Asked how she felt the first time she realised that she was pregnant, she said: “When I first took in, I knew that I was pregnant with signs and test that confirmed that I was.
“Three months later, I went to the hospital for another test, but the result showed that I only had fibroid and not pregnancy. Subsequently, I began to experience bleeding at least once a day. Sometimes, my tummy would protrude in the semblance of pregnancy.
“I went to different hospitals but kept receiving the same result that nothing was wrong with me. But deep down in me, I knew that all was not well.”
She told our correspondent that she was taken aback when a middle aged woman in their church told her that she was pregnant.
She said: “Based on the tests that showed I had fibroid, I was angry with the woman for giving me false hope. Thereafter, I started going from one church to another and from one native doctor to another, but the result that I got from them was the same. I became so confused that I prayed for death to come
“I went again to the middle aged woman about one and a half years later and complained to her about the pains that I was going through. She told me again that I was pregnant. She prayed with me and advised me to be more prayerful so that God would deliver me from the hands of the devil.
“While I kept praying, I was also asking myself why the baby was not kicking if truly I was pregnant.
“I bought a lot of herbs based on advice from many people that they would cure the fibroid. I took a lot of local cleansers but to no avail and this went on for almost two years.
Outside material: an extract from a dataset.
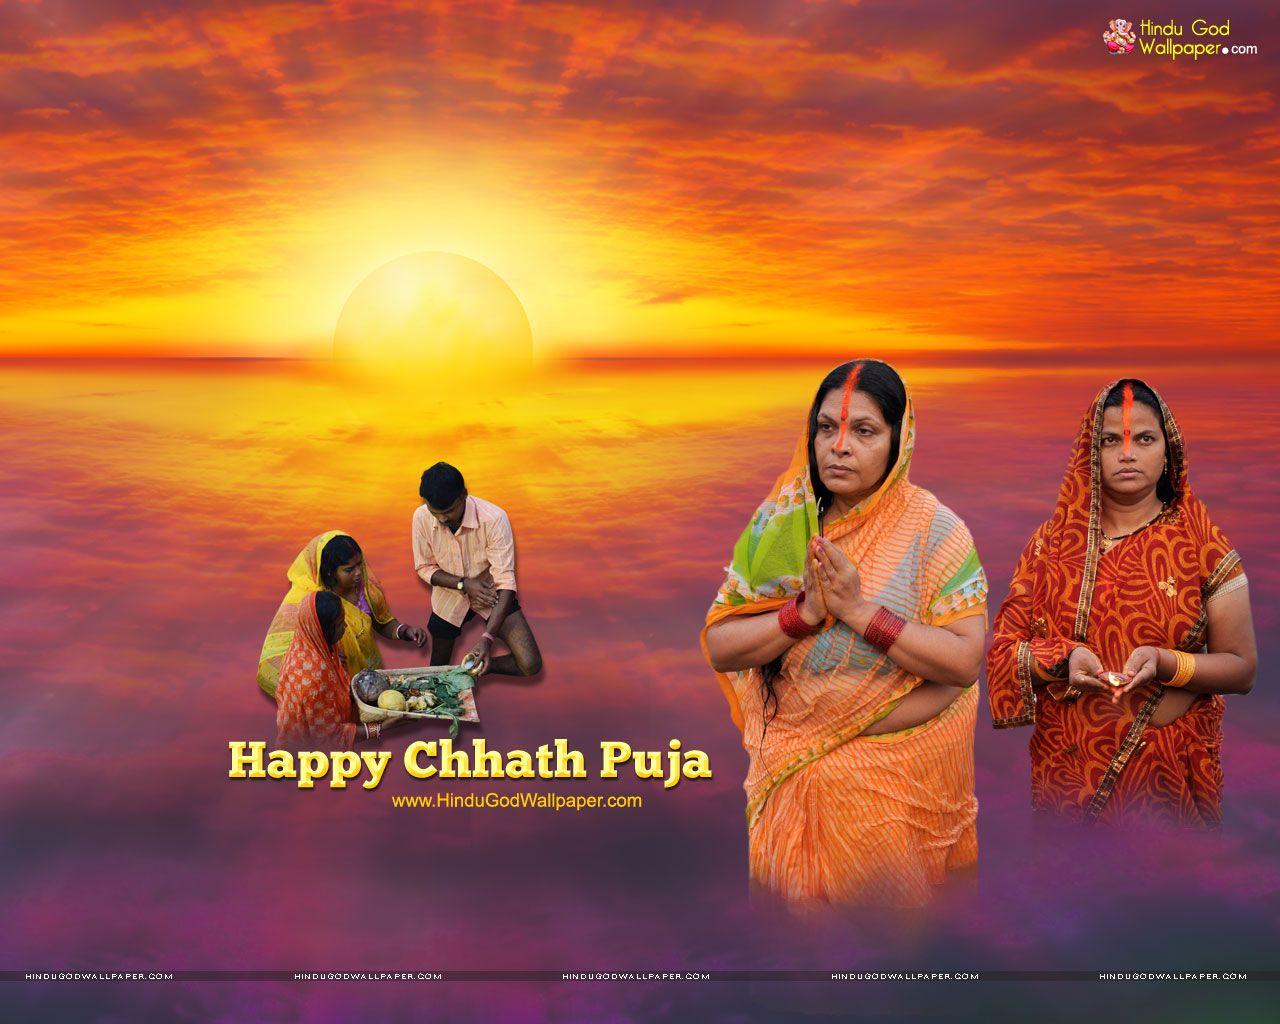 Chhath Puja Hd Wallpaper For Desktop Free Download Desktops

This whole saga lasted for almost four years. Then God took pity on me and decided to wipe away my tears on the first day of November 2020.”
Recalling that she gave birth to a baby boy on that fateful day, she said: “Initially, I thought it was worms that were trying to come out of my body. I did not believe that it was a baby. That was what I told the middle age woman when she came to assist me at the hospital after praying for me and helping to examine and encourage me.
“I was in deep pains, so I ignored her advice that I should push. I later became unconscious for about 27 minutes. When I regained consciousness, I heard the cry of a baby. I was surprised and confused seeing my baby. I couldn’t believe my eyes. But I thank God for my life and that of my baby.”
Her husband, Isaac, told our correspondent on the phone that he and Gloria had been together as husband and wife for about 12 years.
He said: “We met in the collage and dated for about three years before we tied the nuptials knot and decided to throw away the birth control pills. It felt so incredible daring to do so particularly because both of us were young and we were both just graduating from the school.
“We knew it might take a few months to get pregnant and we figured it was best to start early. Little did we know that it would take much longer than a few months.
“I can’t even tell you how many tests we ran during the period. But thank God it finally came after 12 years.
“Within the waiting period, a lot of people told me stories. Some even suggested that I should quit the marriage for a fresh one. But today, God has answered my prayers. So I thank God, and that is all I can say.”